Last month football learnt of the sad death of Ronnie Radford, a man who will forever be defined by the goal he scored for Hereford United against Newcastle in an FA Cup tie in 1972. On a pitch more suitable for growing the beetroot that Rickie Lambert would later process in a factory, Radford scored from distance to shock the top-flight side with a goal that was both unrepeatable (just look at that ‘turf’) and eminently repeatable (on television every year and on the sort of 101 Greatest Goals VHS tapes you assured your grandma you definitely hadn’t seen when it was delivered in wrapping paper).
To modern eyes, Radford’s decision to shoot from such a distance seems outlandish, barbaric even. In the air-conditioned (literally) footballing world of 2022 players have learned, or been told, that shooting from long range is unproductive and, so far, the 2022 World Cup has absolutely proven the point.
Goalscoring and/or preventing the opposition scoring is the most important thing in football, so in some sense highly original people who say “it’s the only stat that matters” are correct. It’s just that there are ways of improving your chances of scoring, and a World Cup – handily held every four years – is a good way of seeing how theories translates into practice. We are now 12 years into the expected goals era, so by now we should be seeing fruits from the intellectual labour of the chance quality fundamentalists.
A quick think about the 56 World Cup games we’ve enjoyed thus far – that’s right, only eight games left, sorry – and it certainly feels like teams are shooting less often from distance. We didn’t even see a long-range goal until Wales’ injury-time implosion against Iran. If this is the World Cup that has resurrected the reputation of the hulking frontman then it stands to reason that these revivified behemoths should be fed on the sort of diet they thrive on: crosses and scraps.
88% of the way into this World Cup and we have only seen 11 goals from outside the box, from an overall total of 146. Instead, we’ve seen pull-backs and whipped balls stuck into the corridor of uncertainty with a fair measure of certainty. In the nine World Cups between 1966 and 1998, only three saw more headed goals scored than goals from outside the box. In the six tournaments since 1998, four have seen more headed goals. The score so far in 2022 is headers 23-11 long range goals. Unless we are about to see the most extraordinary series of games, this edition will be another victory for the skull crew.
But could it all be random? What if players from older World Cups were simply better at shooting from distance. Maybe it’s the football equivalent of no-one under the age of 50 being able to bleed a radiator. Yes, that must be it; the older generation were simply better at shooting from long range and reaped the rewards.
Sorry, but no.
As the very interesting chart – in my opinion – below shows, the World Cups of 1966 and 1970 served up an extraordinary number of shots, more than 35 per game in each edition, yet substantially more of them were from outside the penalty area than within. There’s a beautiful chronological progression too, with 1974 and 1978 having the next highest number of shots per game, football still metamorphosing from its mid-century state of “you have a shot then we’ll have a shot then you have a shot then we’ll have a shot and let’s see who wins the ruddy game”.
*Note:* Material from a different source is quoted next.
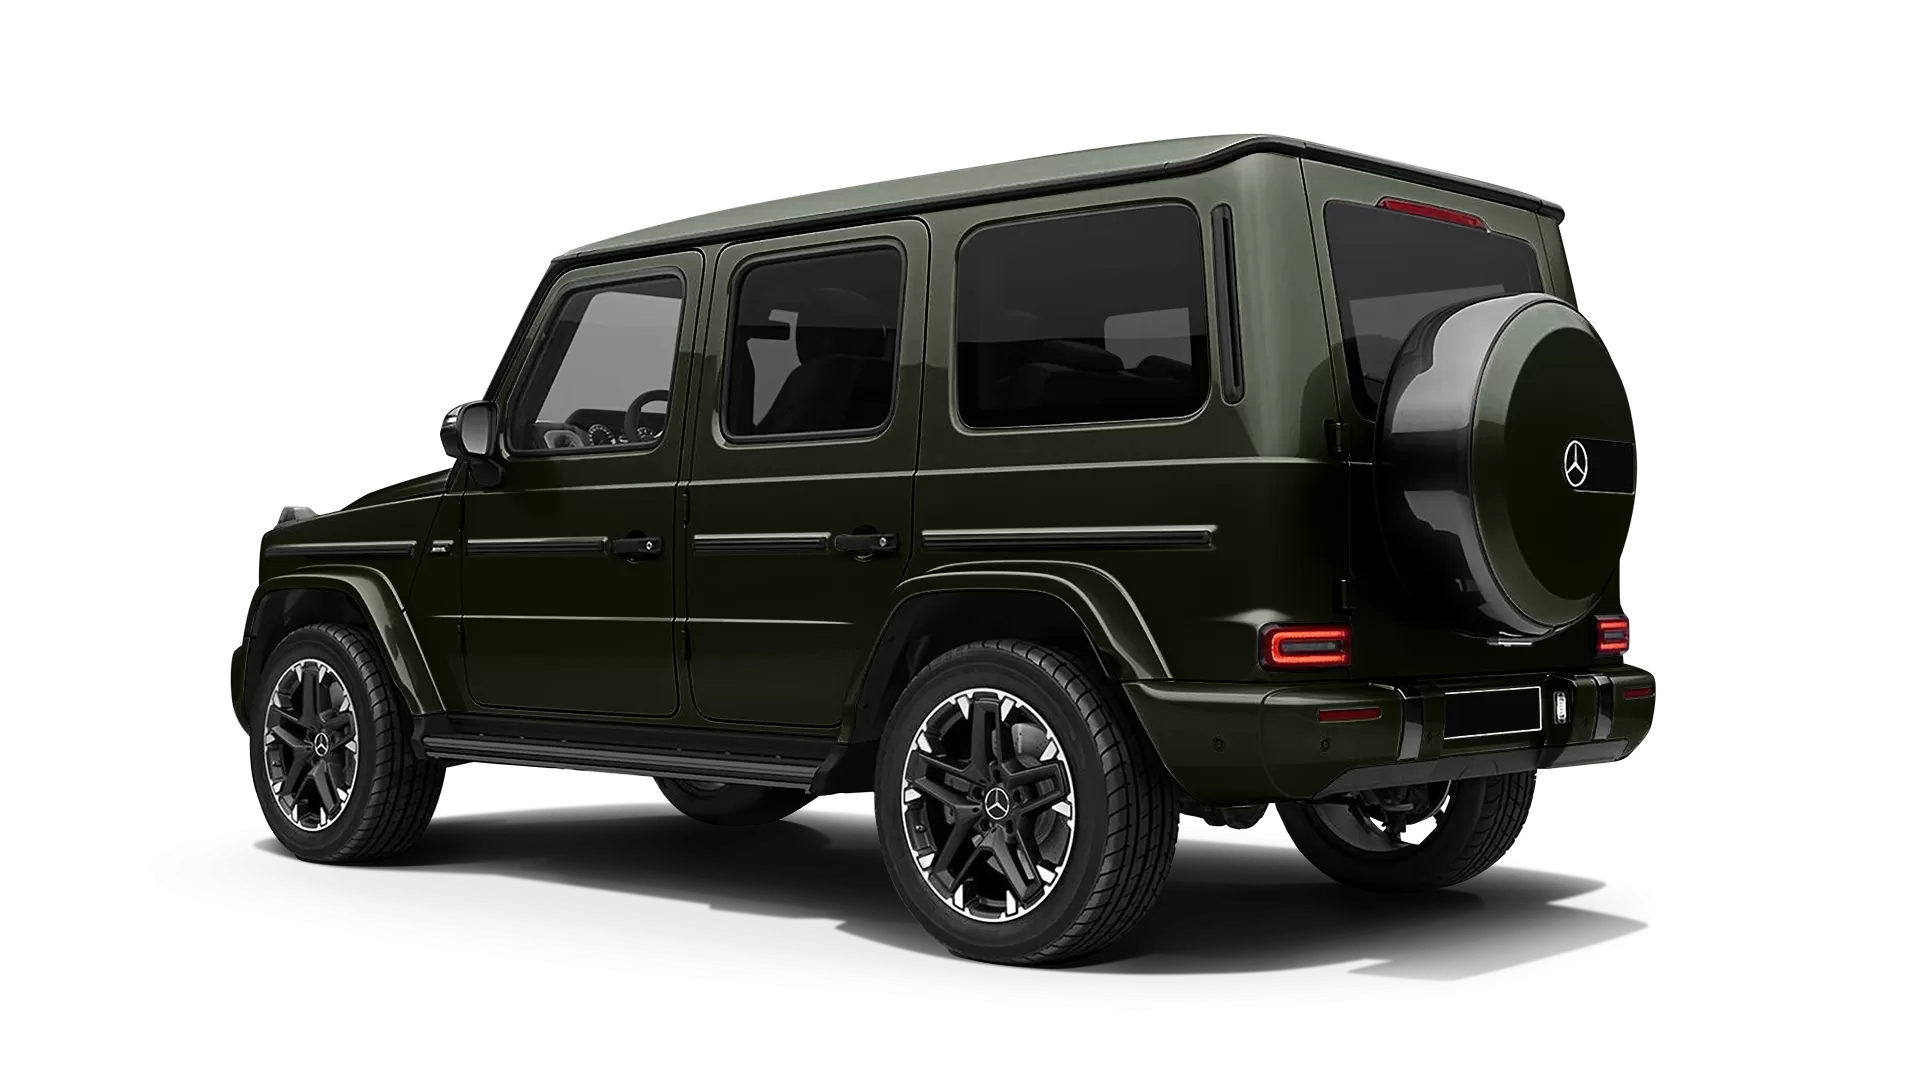 Mercedes G class W463 stock rear view in Dark Olive color

After that, the next 10 World Cups see a remarkably similar outcome, with between 25 and 32 shots per game and around 45-50% of them coming from inside the penalty area. Yes, each World Cup would experience local factors such as air density, the levels of brutality accepted by referees, the effects of timewasting and the design of the official ball, but any fan going to a World Cup game between 1982 and 2010 could expect to see roughly the same amount of shots and proportionally from the same areas.
But then everything changes. 2014, the first World Cup held in the xG era, saw the lowest number of non-penalty shots per game in recorded history to that point, but the highest proportion of them from inside the box. Would the trend continue in 2018? Very much so, with another decline in non-penalty shots per game and another rise in close range proportion, while 2022 has seen the trend extend even further. We’ve never enjoyed as few shots at a World Cup than we have in 2022 but we’ve never before seen teams display such prowess and patience in creating scoring opportunities.
All the teams who have impressed at this World Cup, from Brazil to France to England to new-look Ronaldo-less Portugal have scored plenty of delightful goals but nearly all of them have been beautifully worked moves finished off from inside the box.
The age of the long shot is over. Accept the triumph of progress and enjoy the smorgasbord of close range produce we have been given in its stead.